WHAT YOU ARE ASKED TO DO: Leave the pictures out, and transcribe the material below exactly from the line with "3 gợi ý bữa" to the line with "Metal Heart Cookie Cutter - bakeartstencils", both lines included.

═════ INFORMATION GIVEN

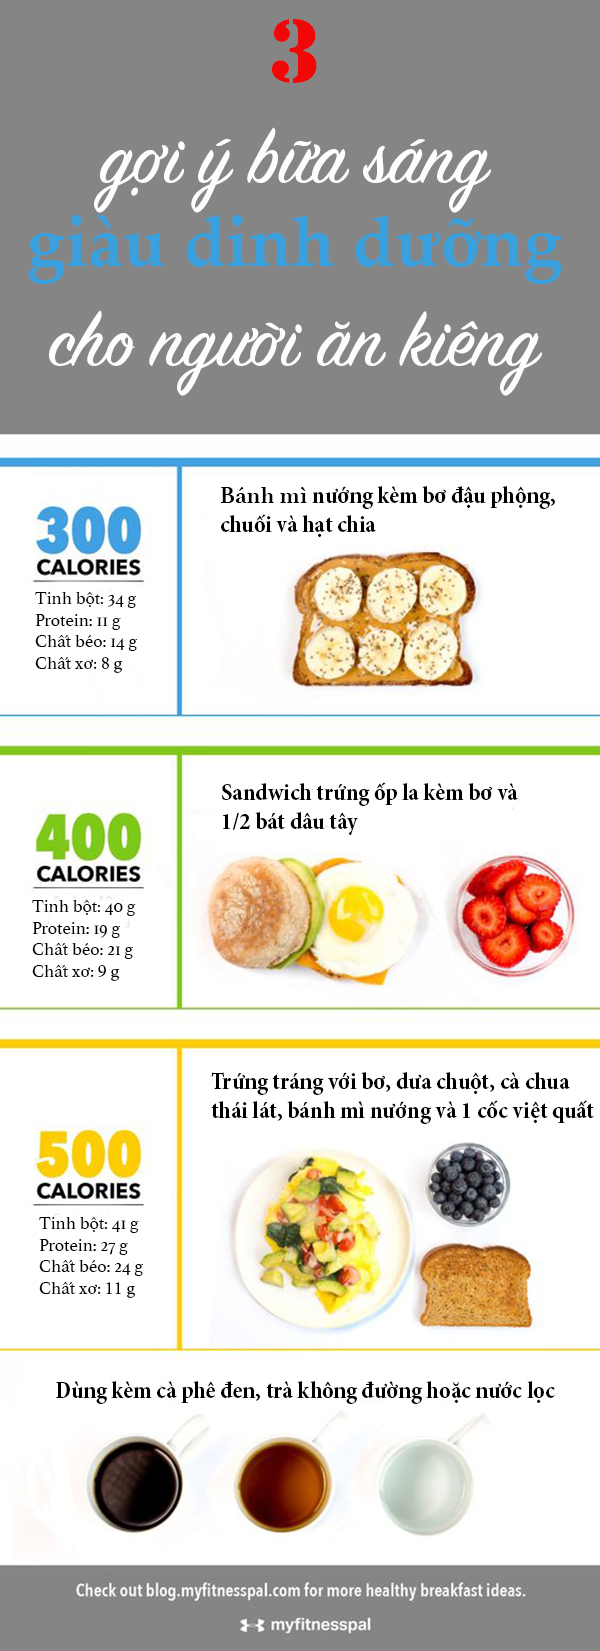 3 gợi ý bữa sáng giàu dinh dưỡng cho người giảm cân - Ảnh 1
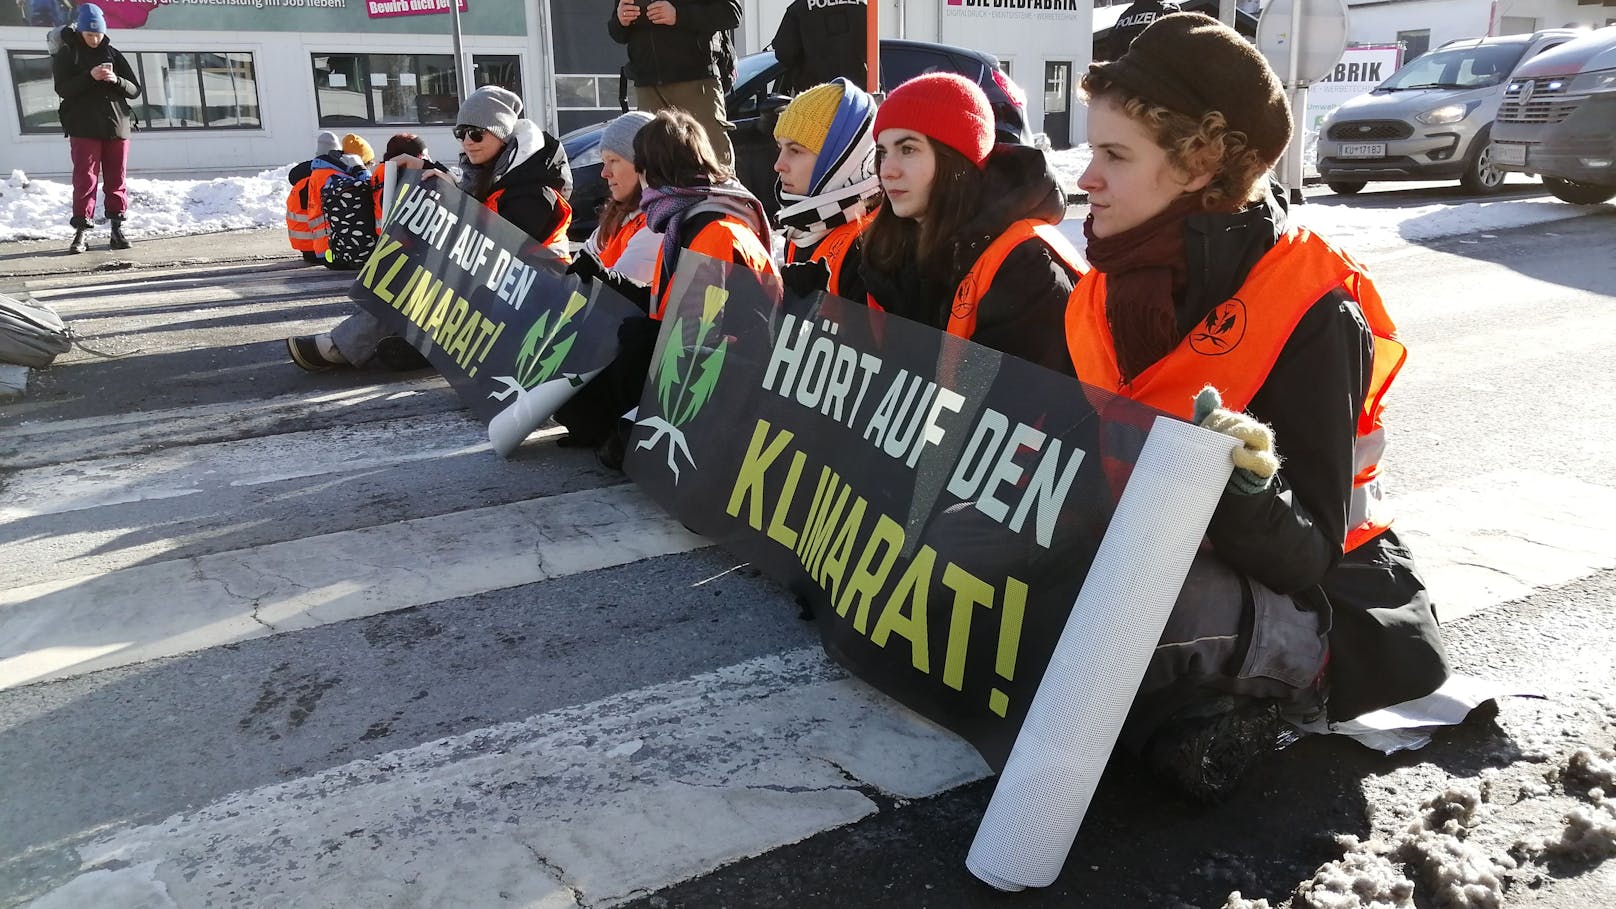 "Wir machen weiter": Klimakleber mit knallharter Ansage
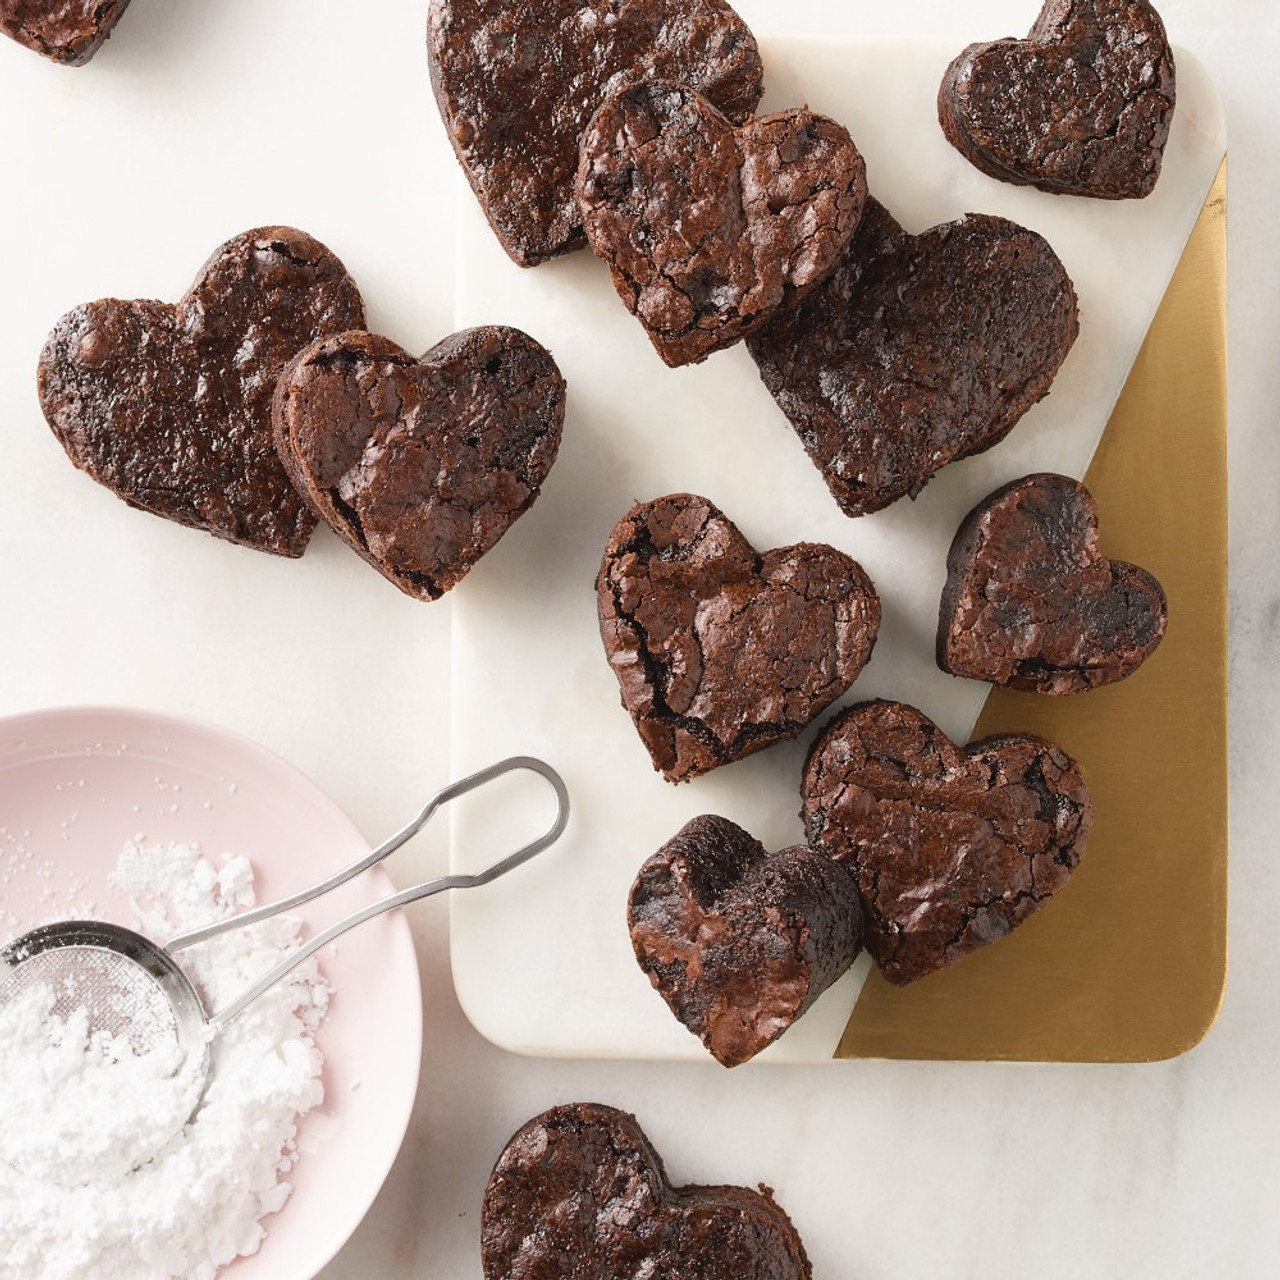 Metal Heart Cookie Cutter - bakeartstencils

══════════
═════ INFORMATION GIVEN

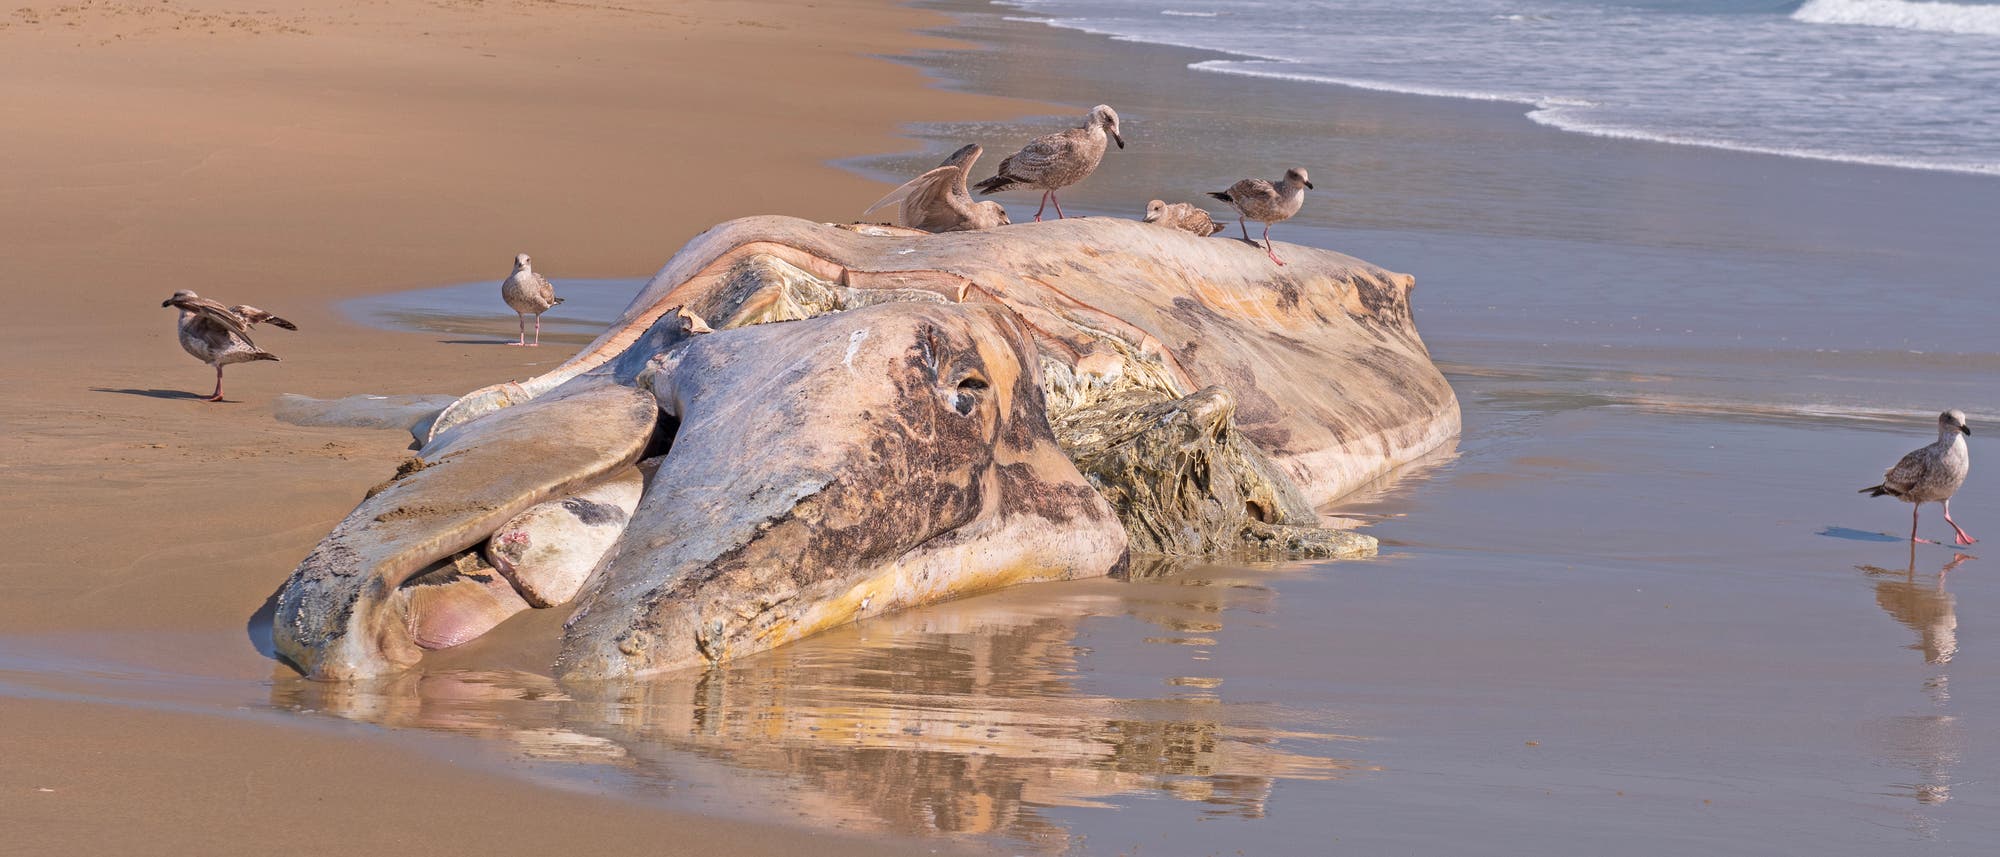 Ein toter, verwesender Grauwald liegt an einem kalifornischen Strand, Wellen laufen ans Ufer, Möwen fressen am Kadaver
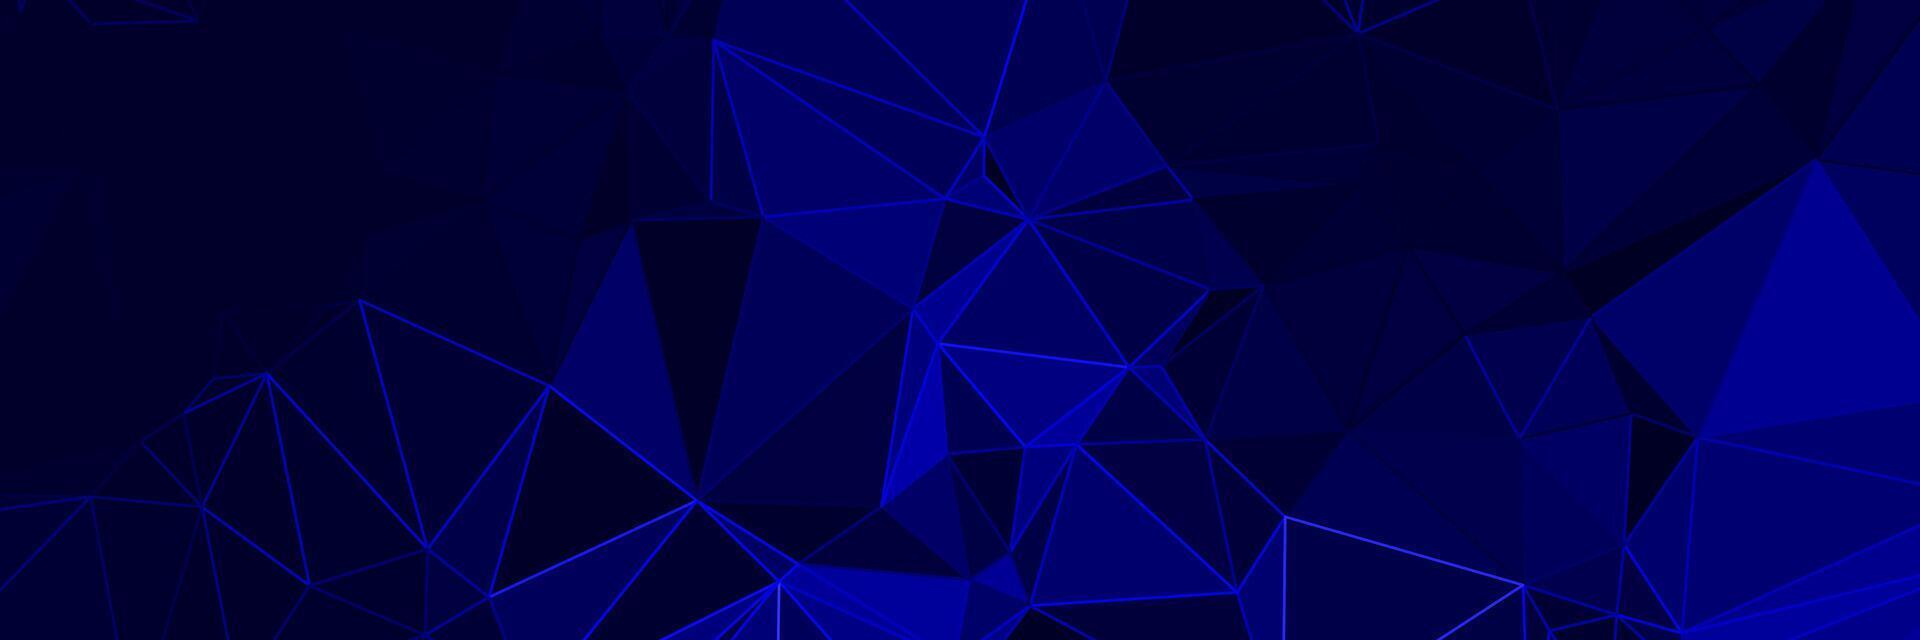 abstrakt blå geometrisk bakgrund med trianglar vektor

══════════
═════ INFORMATION GIVEN

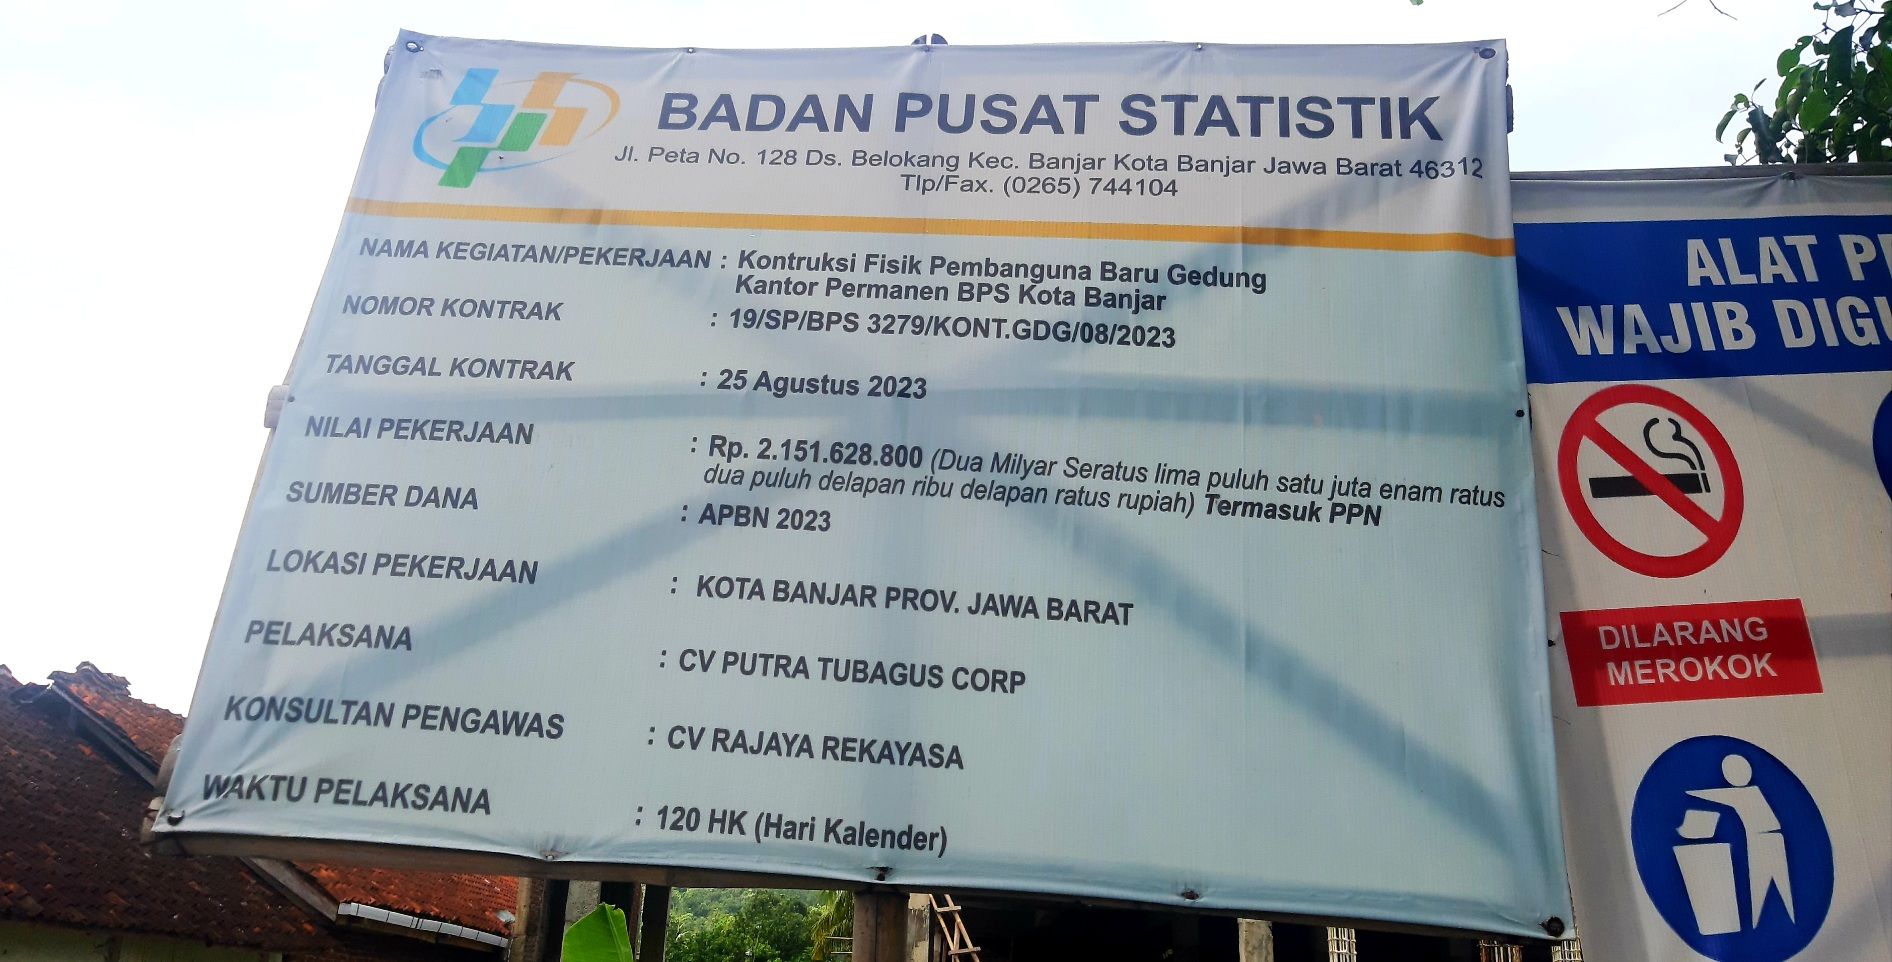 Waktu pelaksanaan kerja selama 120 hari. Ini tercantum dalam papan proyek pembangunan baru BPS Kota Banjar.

══════════

OUTPUT OF THE EXERCISE:
 3 gợi ý bữa sáng giàu dinh dưỡng cho người giảm cân - Ảnh 1
 "Wir machen weiter": Klimakleber mit knallharter Ansage
 Metal Heart Cookie Cutter - bakeartstencils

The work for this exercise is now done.